The listing is to be repeated exactly, and its pictures are to be left out.

[[ Input data open ]]

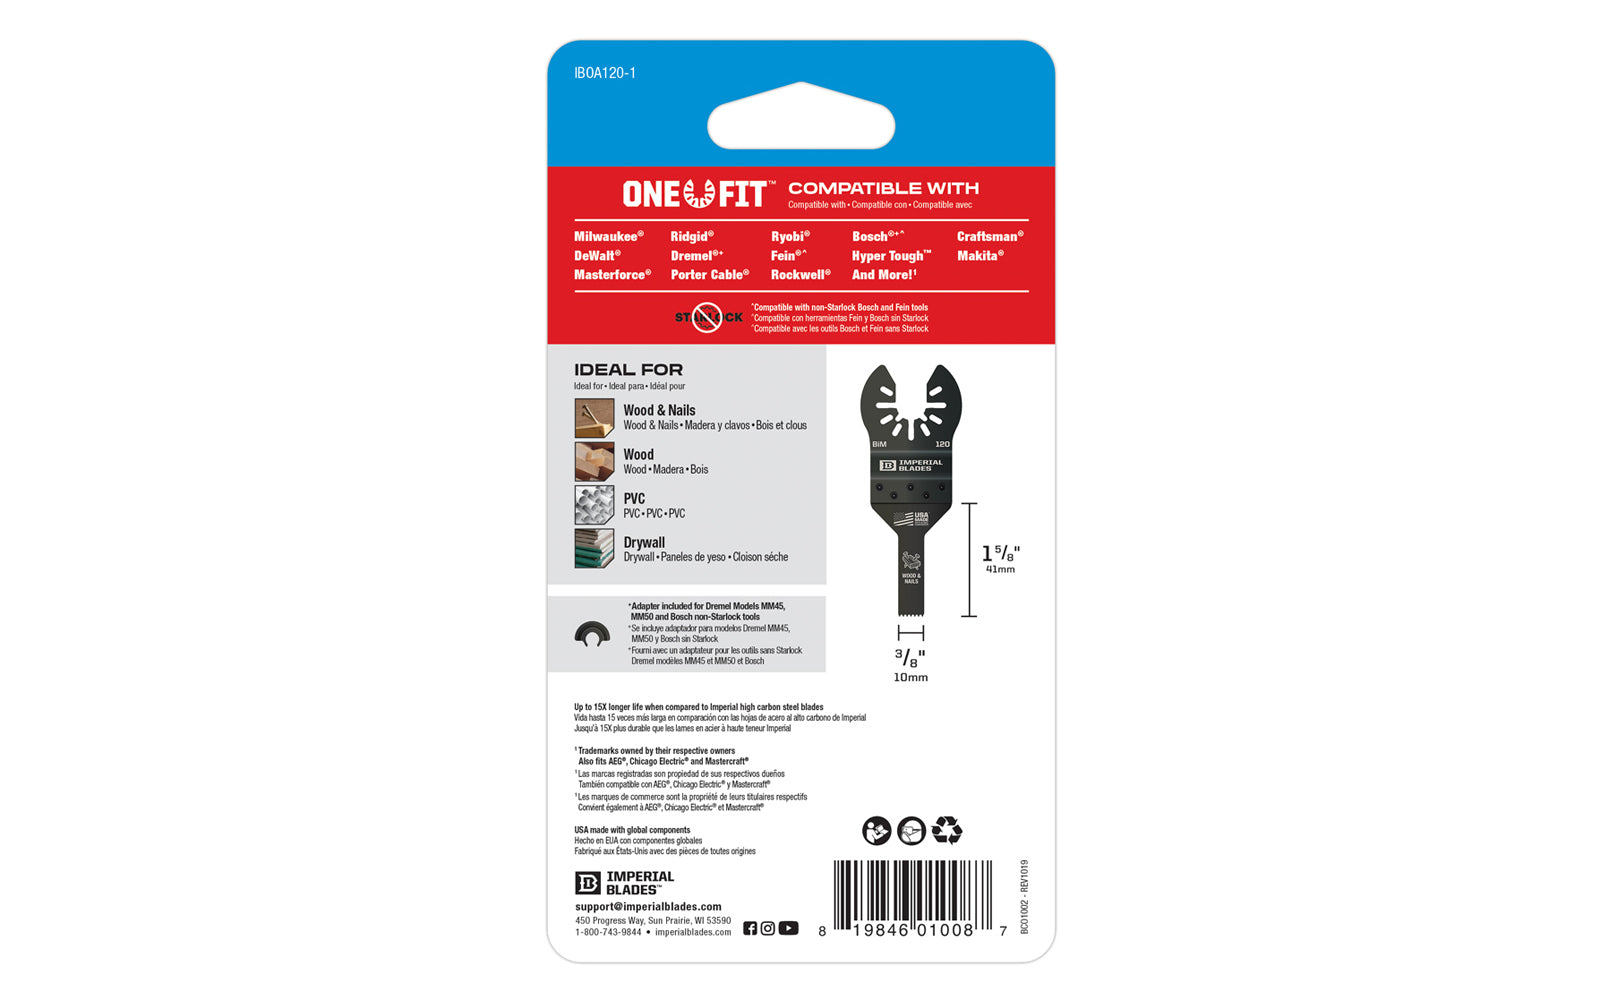 Imperial Blades "One Fit" 3/8" Fine Detail Wood Blade is a Bimetal blade with teeth set for Wood & Nails, Wood, PVC, Drywall. This fine tooth configuration is specifically designed for precise, clean cuts in soft materials. Blade Width: 3/8 (10 mm). Blade Depth: 1-5/8" (41 mm). Fine Detail Wood Blade - BiM blade
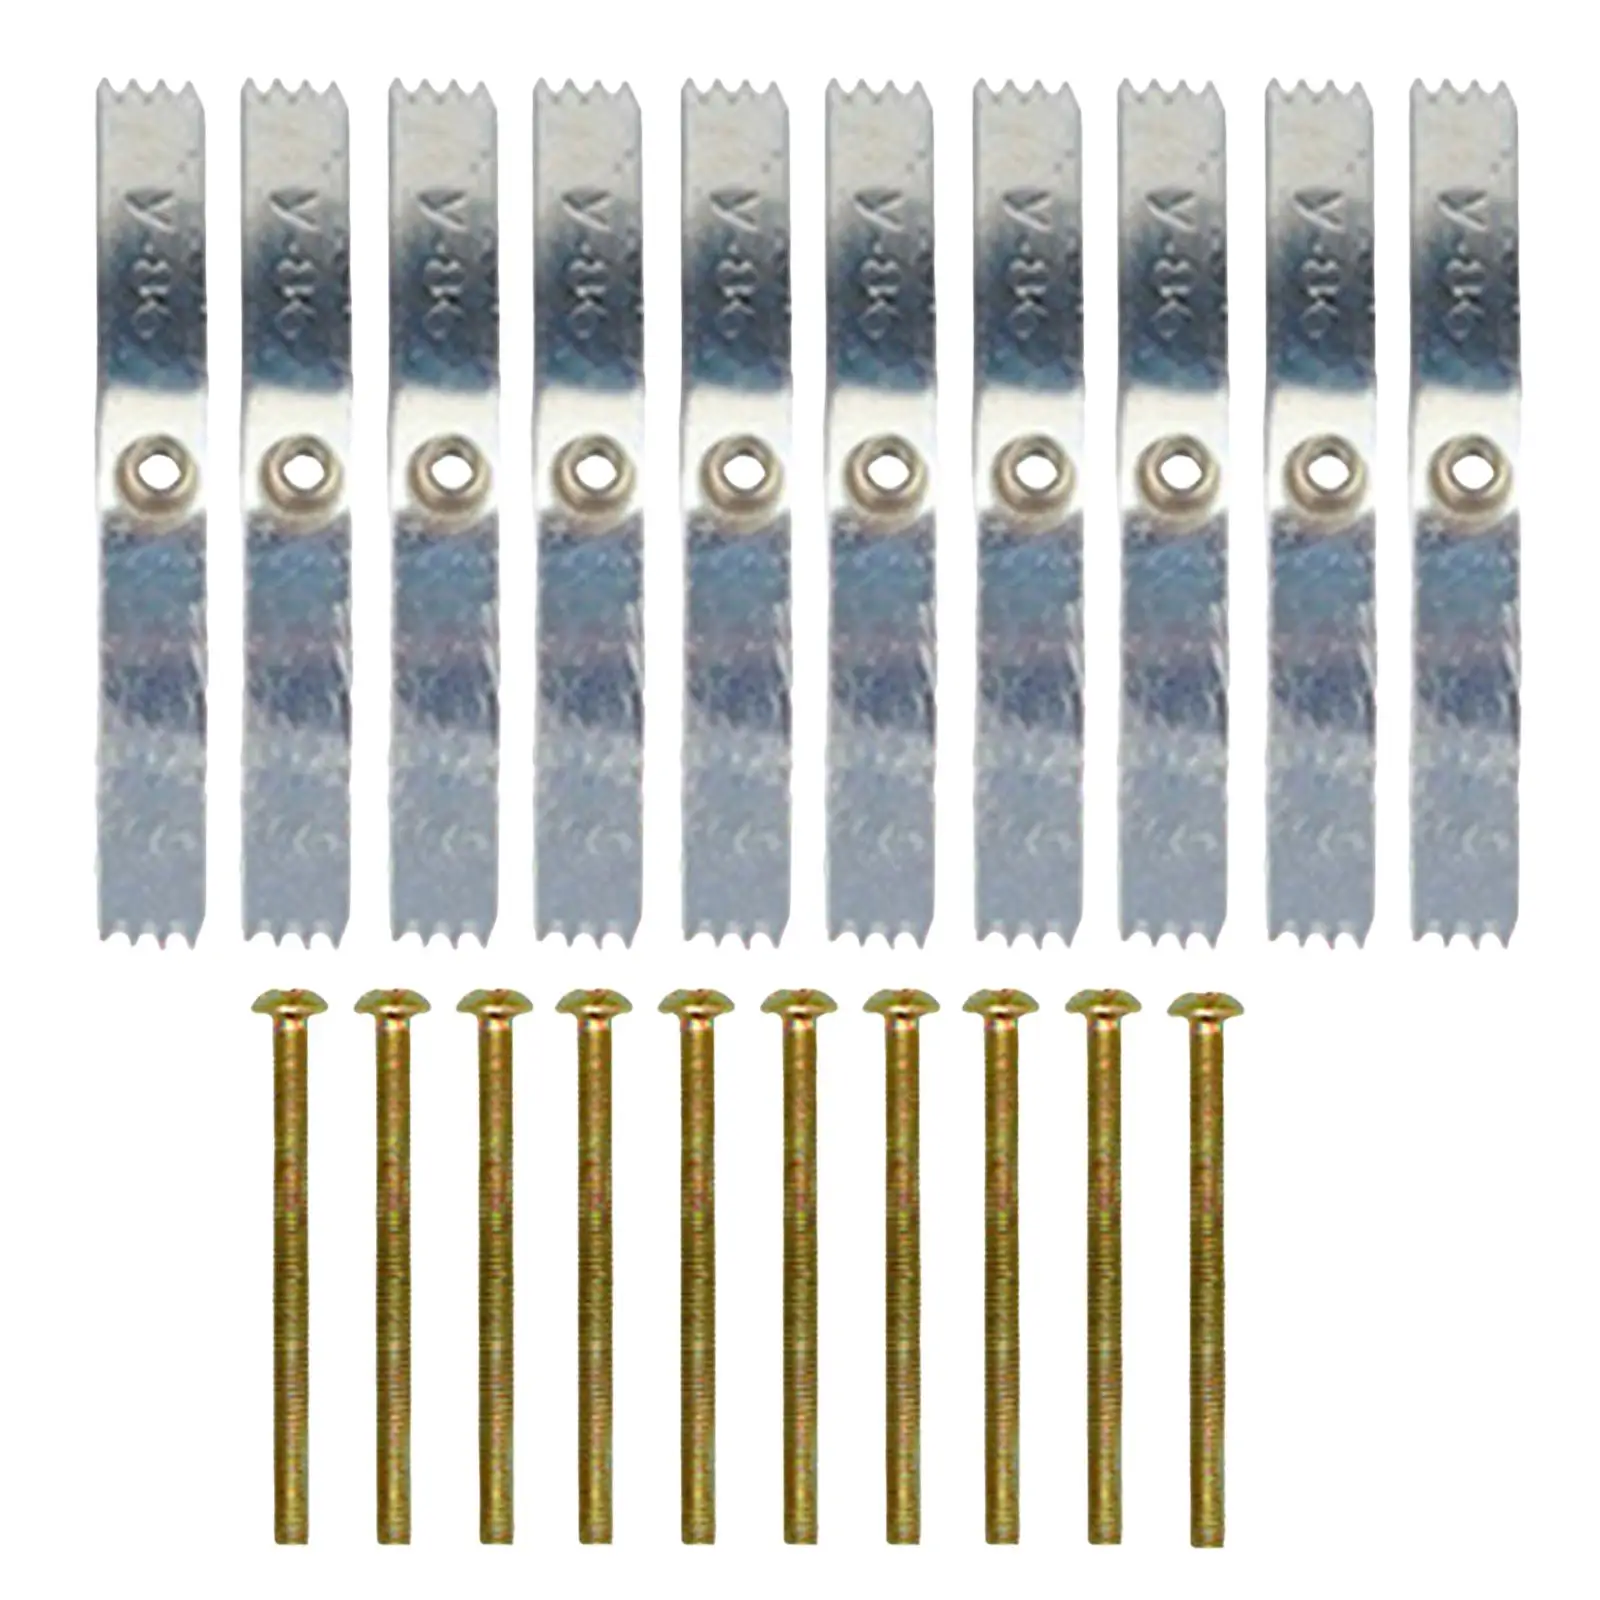 Cassette Screws Support Rod 86 Type Repair Device, Wrench Prevent Loosening Fixer for Wall Mount Switch Box Light Switch Socket
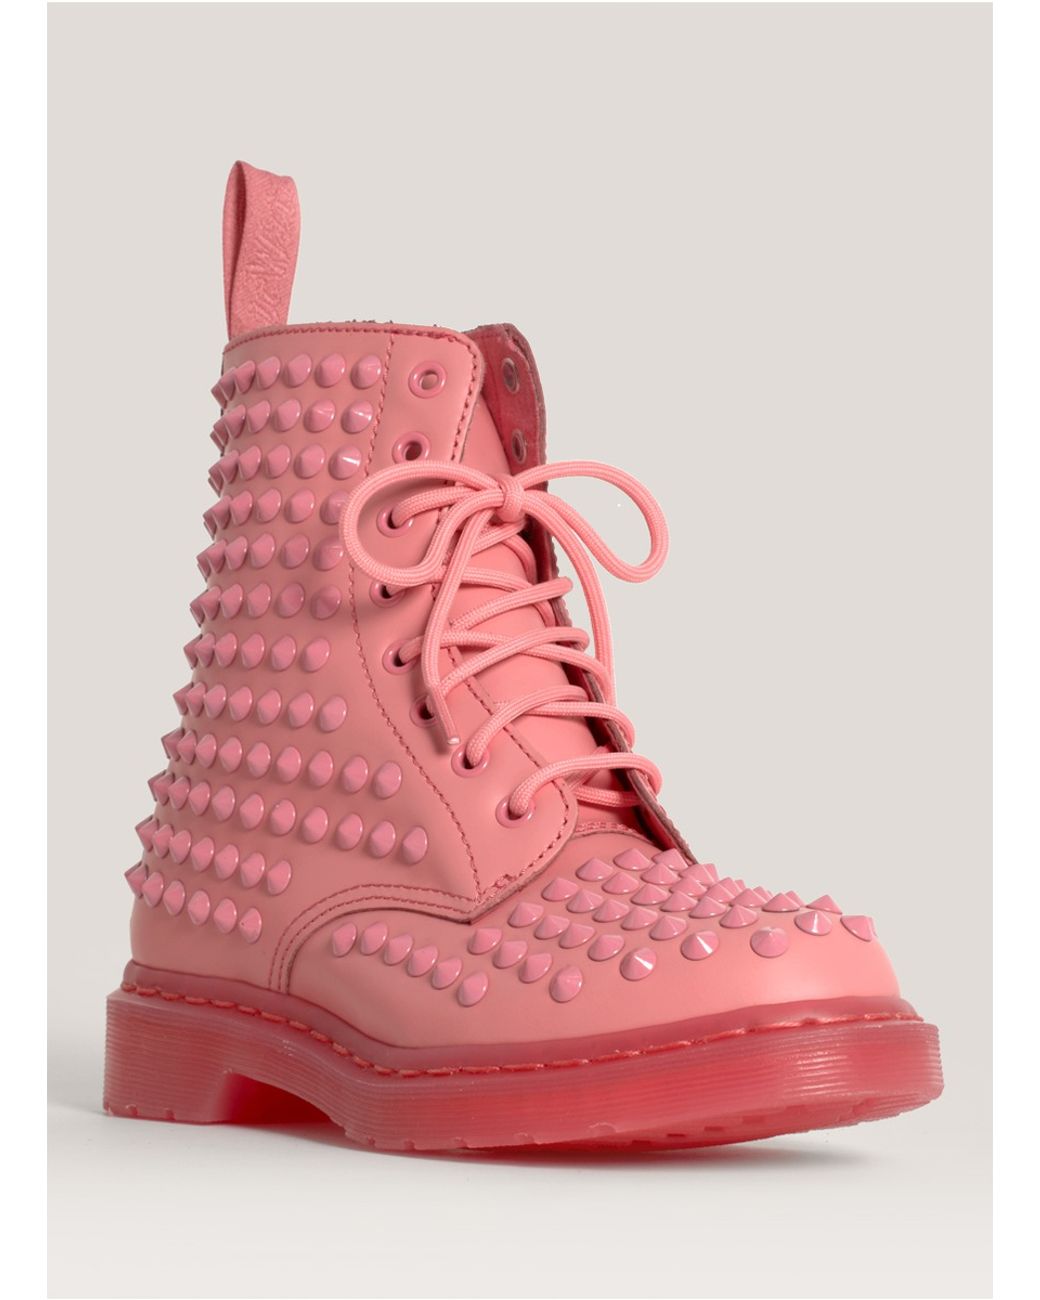 evitar Ahorro Romance Dr. Martens Spike Studded Lace-up Boots in Pink | Lyst
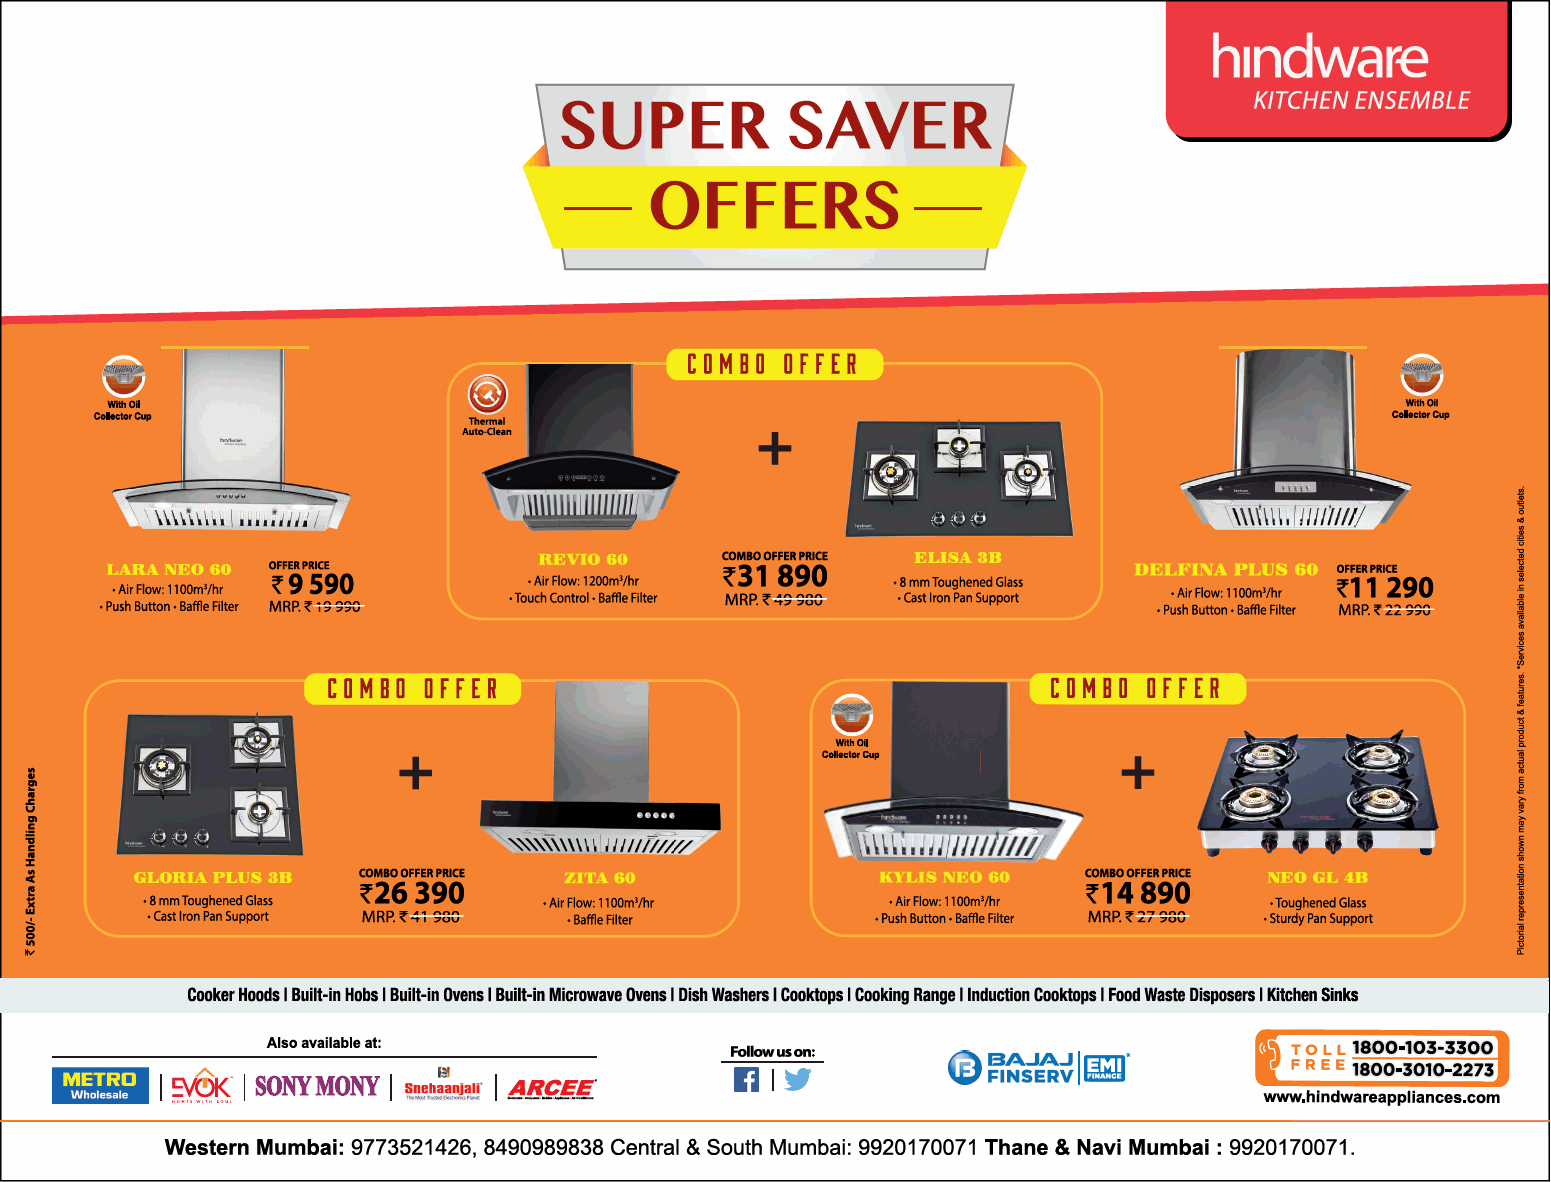 Hindware Super Saver Offers Combo Offer Ad - Advert Gallery

[[ Input data closed ]]

Expected answer:
 Imperial Blades "One Fit" 3/8" Fine Detail Wood Blade is a Bimetal blade with teeth set for Wood & Nails, Wood, PVC, Drywall. This fine tooth configuration is specifically designed for precise, clean cuts in soft materials. Blade Width: 3/8 (10 mm). Blade Depth: 1-5/8" (41 mm). Fine Detail Wood Blade - BiM blade
 Cassette Screws Support Rod 86 Type Repair Device, Wrench Prevent Loosening Fixer for Wall Mount Switch Box Light Switch Socket
 evitar Ahorro Romance Dr. Martens Spike Studded Lace-up Boots in Pink | Lyst
 Hindware Super Saver Offers Combo Offer Ad - Advert Gallery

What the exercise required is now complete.